There has recently been debate about the infringement of second medical use claims, in particular with regard to cross label use and skinny labelling. While the manufacturing and marketing as well as the use of the known drug may be off-patent, the manufacturing, marketing and use for the second medical purpose falls within the scope of protection of the patent. However, the practical enforcement of second medical use patents, in particular with regard to bringing evidence and in cases of cross label use is rather difficult in practice. The following article will take a closer look at the requirements for proving infringement in Germany.

Liability in general

There are only a few, but well established, cases in Germany on the question of infringement. In most cases, the party marketing the drug with instructions on the label that describe the patented use has been sued by the patent owner. Such a party might be liable for direct infringement because by adding the instructions, the drug is manifestly arranged for the use claimed in the patent ("sinnfällige Herrichtung").1 Such manifest arrangement is not necessarily made by the instructions on a label, although this is the most frequent way. Other ways may include the formulating, dosing or providing of ready-to-use preparations of a drug, provided that it is done to achieve the patented purpose.

However, a manifest arrangement requires that the purpose of use is closely linked to the product as marketed. There have been two recent cases where it has been found that information about the drug in marketing materials and flyers as well as explanations made by sales people, are not sufficiently attributable to the product.2 The courts denied direct infringement despite the sales people explaining that the product could also be used for the patented purpose were employees of the drug manufacturer. The courts argued that the drug had been marketed as such – in a way not being covered by the second medical use patent. As the flyers, marketing materials and explanations were not directly linked to the product, it is not certain that the customer would have taken them into consideration at all so it is not clear that the patented purpose of the second medical use patent would have been fulfilled.
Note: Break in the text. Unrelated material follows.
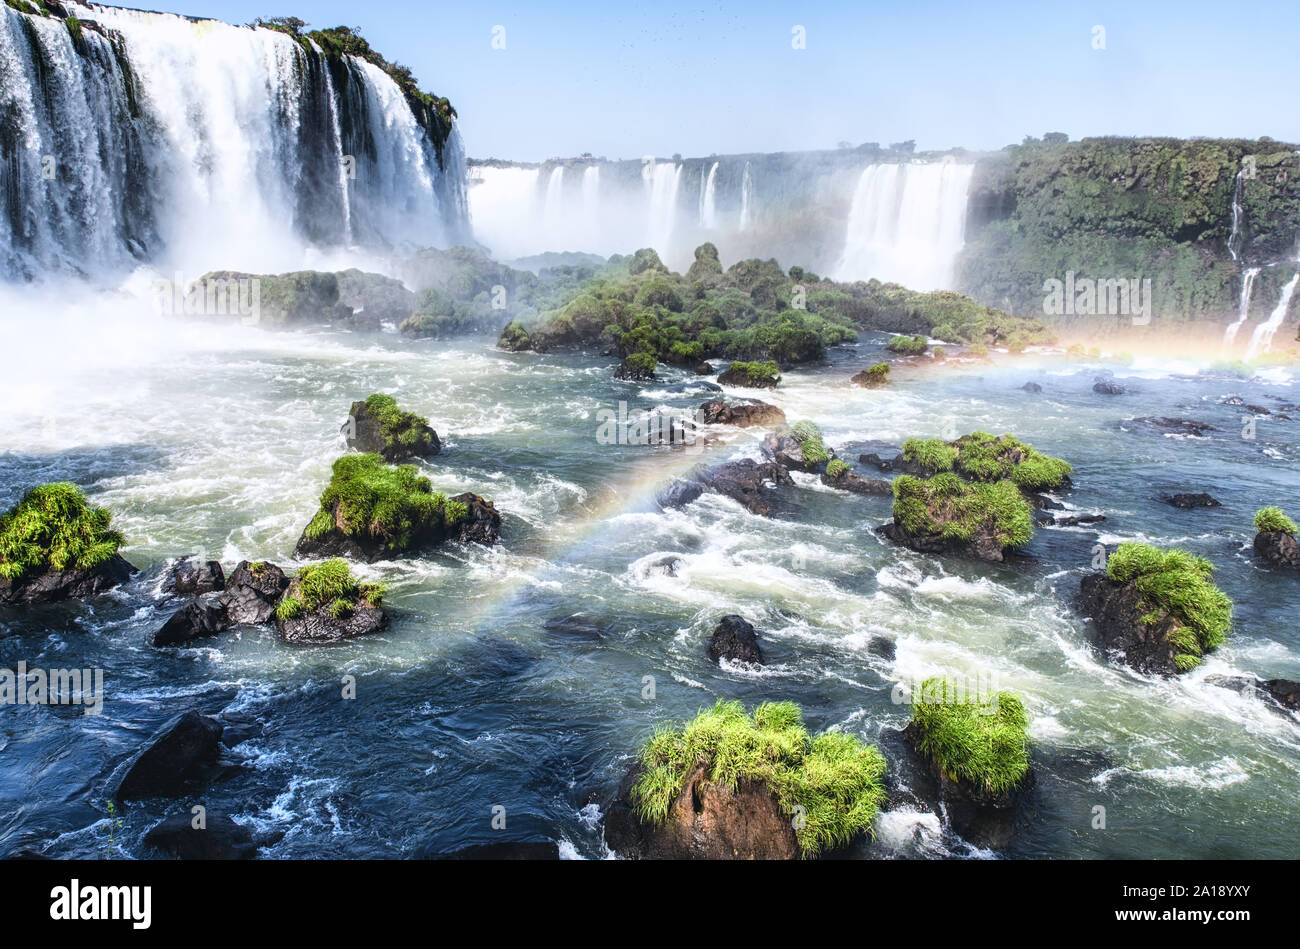 Cataratas do Iguaçu sont les cascades de la rivière Iguazu,Ensemble, ils forment le plus grand système de cascade dans le monde Banque D'Images

In principle, the physician prescribing a drug could be liable for patent infringement, in particular if a drug is prescribed for "off-label" or "cross-label" use3 as he/she is not exempted from patent infringement under the German Patent Act4. However, there is so far no case law known where a physician would have been sued by a patent proprietor. The potential liability of the pharmacist also very much depends on the regulatory qualification of the drug.

Indirect infringement

It is interesting to note that indirect infringement has not been alleged in the two cases referred to above. The plaintiff did not allege indirect infringement might be due to the fact that according to established case law, only the offering and supply for the purpose of enabling the manifest arrangement of the product can constitute indirect infringement. This means that the offering or supplying for the purpose of the immediate use does not constitute indirect infringement.5

Liability for indirect infringement in general requires that the manufacturer must have known, or it must have been obvious from the circumstances, that the drug was suitable and intended to be used for the use of the invention (Section 10 German Patent Act). In particular, in cases of cross-label use, it is very much a question of finding facts and evidence to prove such knowledge or obviousness, respectively. There is no case law on this specific question in Germany yet, on whether and to what extent only indications for a potential cross-label use such as a higher number of sales can create the necessary subjective link, bearing in mind that the manufacture of the medicament as such is in the public domain and allowed.

In case there is indirect infringement, injunctive relief can only be requested with regard to the prohibition of enabling the patented use. Also, the claim for damages might be difficult to enforce: because the indirect infringer must pay the damage caused by the direct infringement, the patent proprietor must prove direct infringement. In practice, it turns out to be very difficult to bring evidence for the amount of damages when the product could be used for patented as well as for non-patented purposes.

Cross-label use

As explained above, the marketing and sale of a drug might constitute infringement if the drug has been manifestly arranged for the patented purpose. Given the recent case law on marketing flyers and advertisements, it is difficult to imagine a case where the cross-label use, for example the prescription of the drug for the patented use by a physician, is sufficiently attributable to the marketing and sale of the drug. Nonetheless, it is to be noted that recent case law neither reflects on the liability of the sales persons making such indications to customers nor examines the liability of physicians for a cross-label prescription.

Any new developments due to new EPC2000 claims?

There are discussions about the question of whether the scope of protection of EPC2000 claims (that is, second medical use claims made in the form "X for use in treating Y") would be different compared to purpose limited use claims / Swiss-type claims as they are not use claims, but product claims. With regard to EPC2000 claims there is no case law on infringement yet.6

The recent "Kollagenase I" decision7 of the German Federal Supreme Court related only to the patentability of second medical use claims. Hence, it did not reflect on the scope of protection of EPC2000 claims in contrast to purpose-limited use claims / Swiss-type claims. Nonetheless it is to be noted that the German Federal Supreme Court did in the end not distinguish between the different kinds of claim language.